Primaries March 17 in Arizona, Florida and Illinois gave a glimpse into the potential impact of the coronavirus on the election. Florida and Arizona are among states where a significant share of voters participate in early voting. According to the most recent data, that percentage has increased from last year along with overall turnout in the two states. Illinois, which has lower rates of mail voting and early voting, experienced a 25 percent decrease in turnout, the worst of any state this year compared to 2016.

Election officials stated the trio of primaries demonstrated the need to expand alternative balloting. They said conducting the majority of balloting through the mail would be the most effective measure states could take. Currently, only Washington, Colorado, Oregon, Utah, and Hawaii hold elections entirely by mail.

An additional 28 states and the District of Columbia offer “no-excuse” voting by mail, which allows any voter to request an absentee ballot. States with stricter laws require voters to provide an “excuse” for being unable to vote in person, in order to get an absentee ballot.

There have been suggestions that the general election in November would have to be conducted entirely by mail ballot, but the $2.2 trillion congressional bailout for corporate America, enacted by a near-unanimous bipartisan vote, provided only a down payment for such an effort, about $400 million to assist states which decide to switch to mail-in voting. The cost of such an effort nationwide is estimated at $2 billion.

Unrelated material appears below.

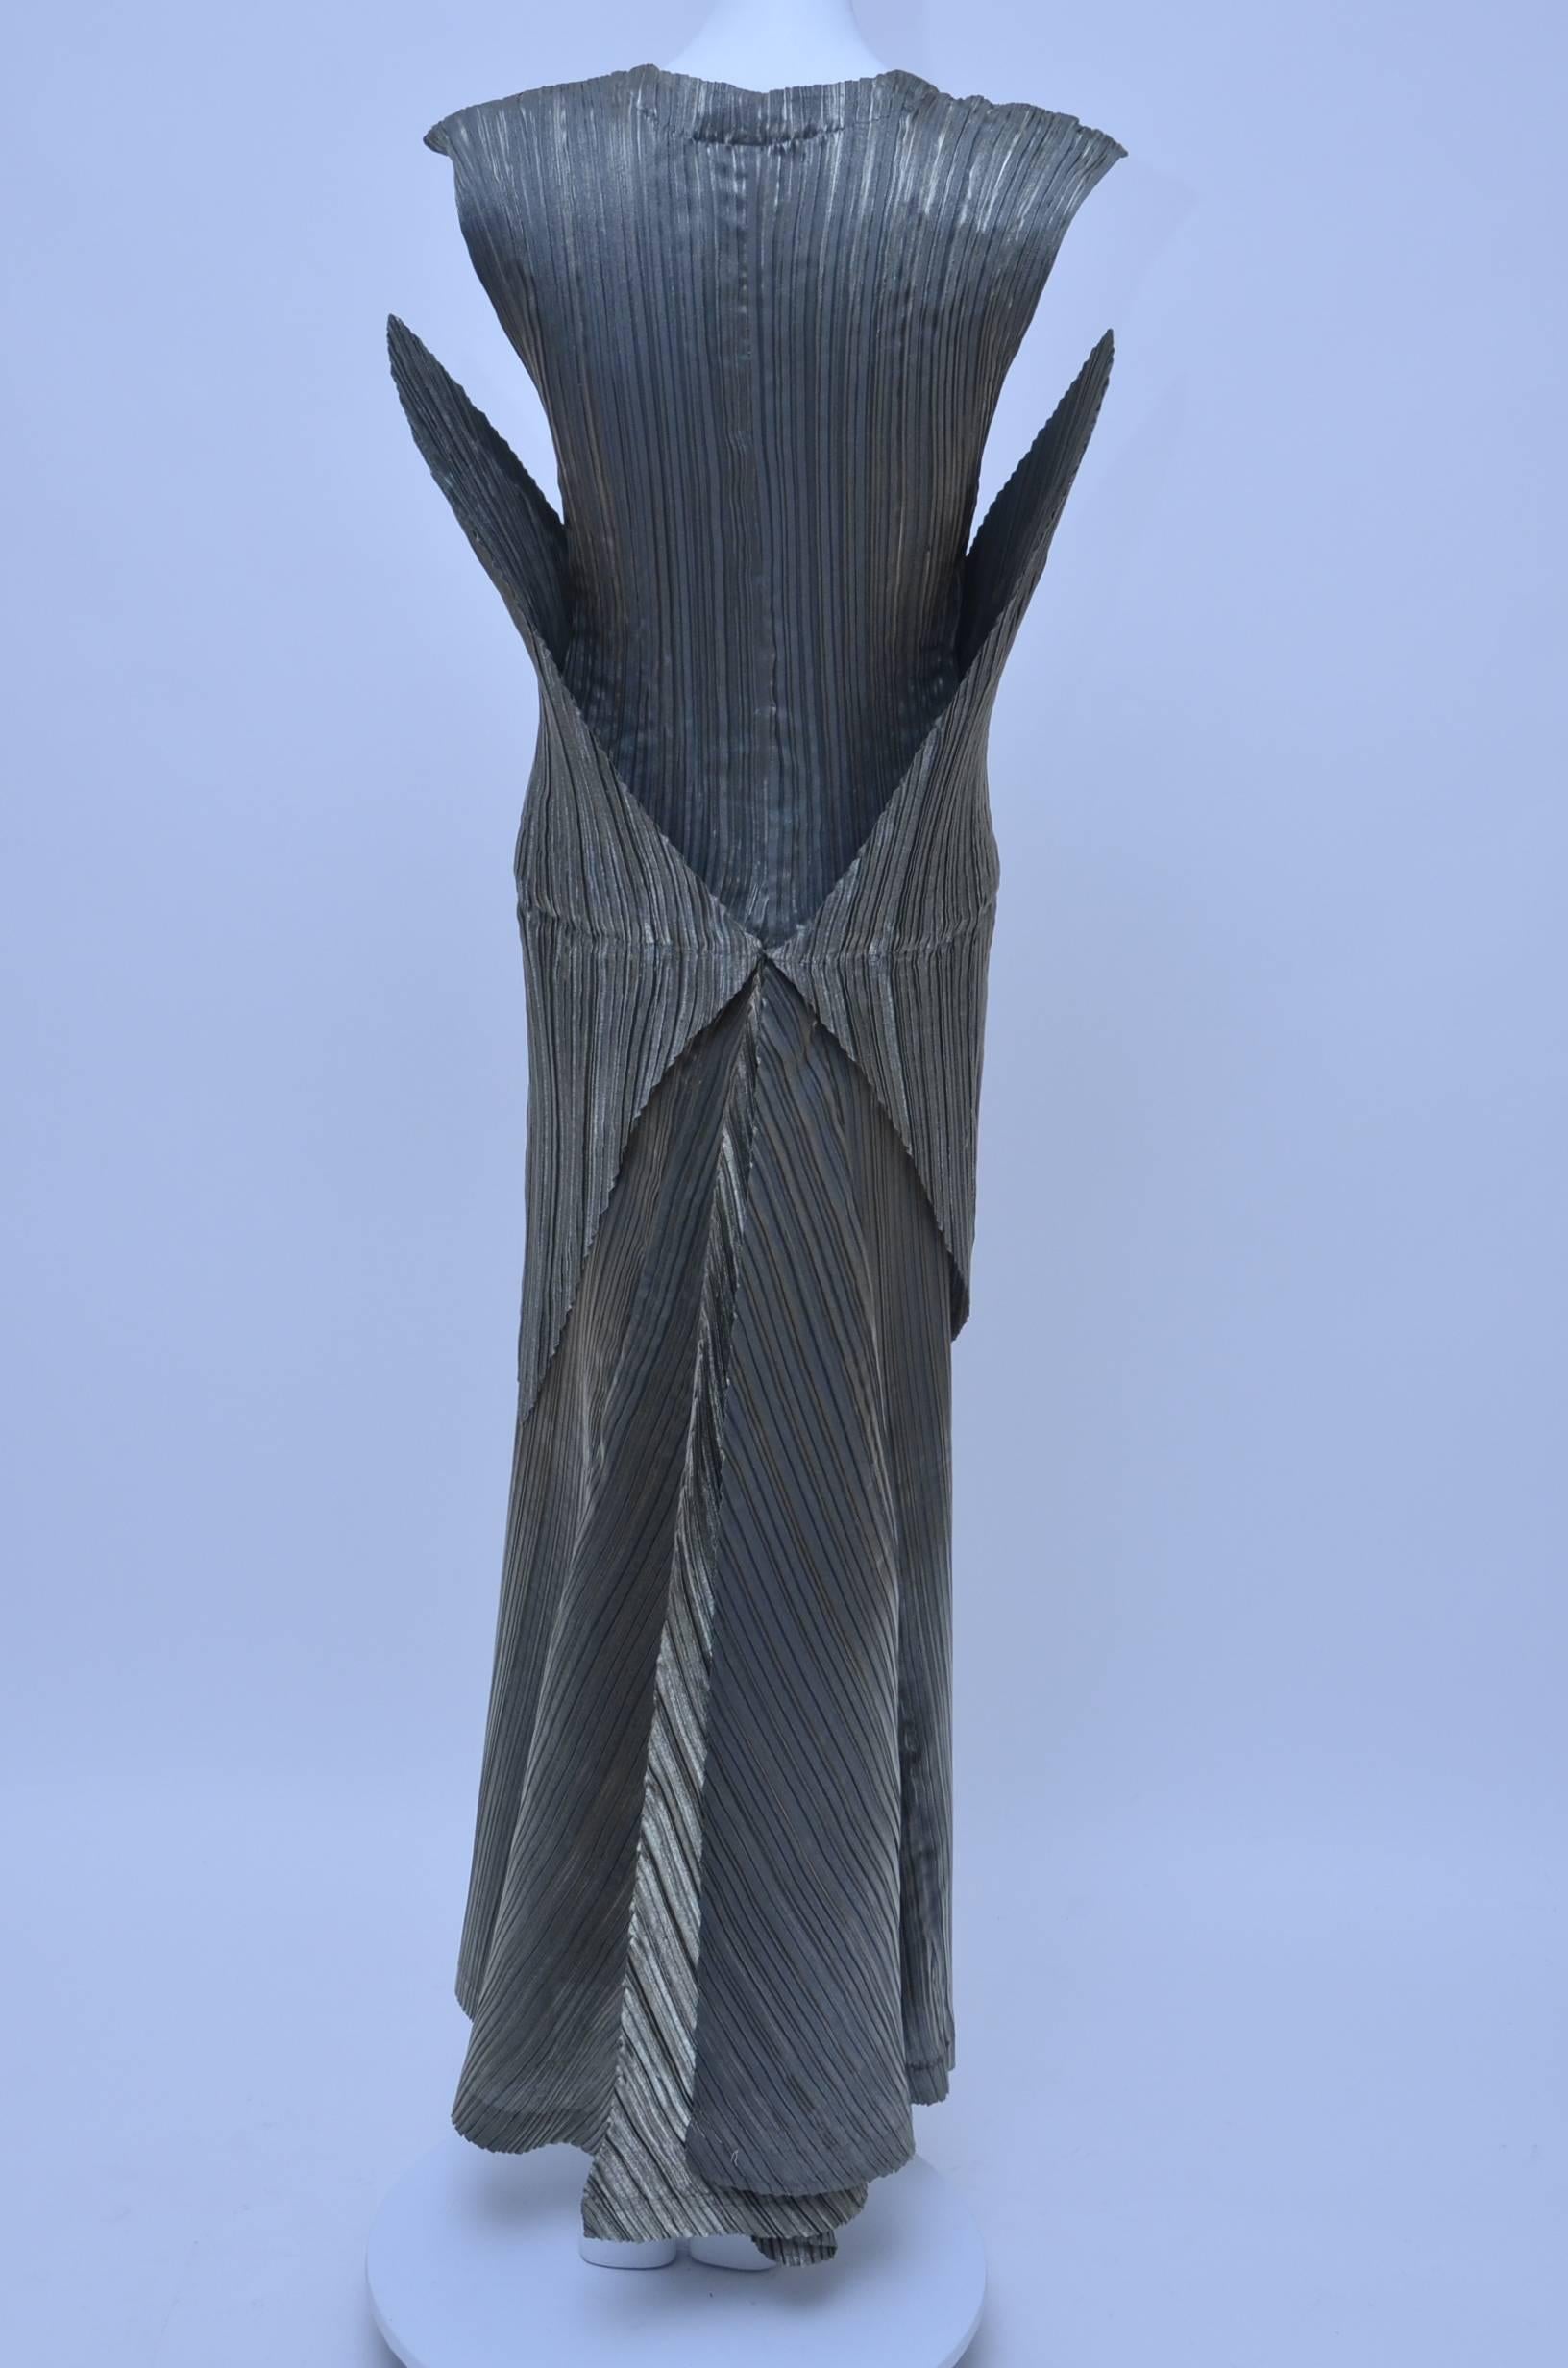 ISSEY MIYAKE  Sculptured Ensemble Fall/Winter 1989–90  Metropolitan Museum  NY  1

The primary postponements now threaten a conflict between some of the hardest-hit states and the Democratic National Committee, whose chairman Tom Perez has insisted that the June 9 deadline for selecting convention delegates cannot be altered, even though New York state and the District of Columbia have already postponed their primary dates to June 23.

Perez has pushed back against states moving their primary dates past June 9. In a statement he said that states should focus on expanding no-excuse absentee voting and vote by mail “instead of moving primaries to later in the cycle, when timing around the virus remains unpredictable.”

Based on current DNC rules, New York’s decision to hold its primary after the election could result in the state’s number of delegates being reduced by 50 percent.

On Tuesday, however, Biden seemed to pull the rug out from under Perez, by suggesting, in an interview on MSNBC, that the Democratic National Convention itself was unlikely to be held on the dates set, July 13-16, and in the traditional form, as a gathering of thousands of delegates and tens of thousands of media, party operatives, lobbyists and onlookers.

When asked whether the convention could go ahead on the schedule set by the DNC last year, Biden said, “It’s hard to envision that.” He pointed out that the original date was decided on in relation to the Summer Olympic Games, set for July 24, which have now been canceled, indicating that the convention could be put back as long as a month.

The Democratic frontrunner flatly rejected any suggestion that the pandemic could interfere substantially with the 2020 election calendar. “We ought to be able to do what we were able to do in the middle of the Civil War all the way through to World War II—have Democratic and Republican conventions and primaries and elections, and still have public safety,” he said. “We’re able to do both.”

As in previous interviews and statements, Biden declined to hold Trump responsible for the mass deaths which the coronavirus threatens in America, saying only that if he were president he would be cooperating more with the state governors and mobilizing the military and private industry, rather than using press conferences to bait his political opponents and praise himself.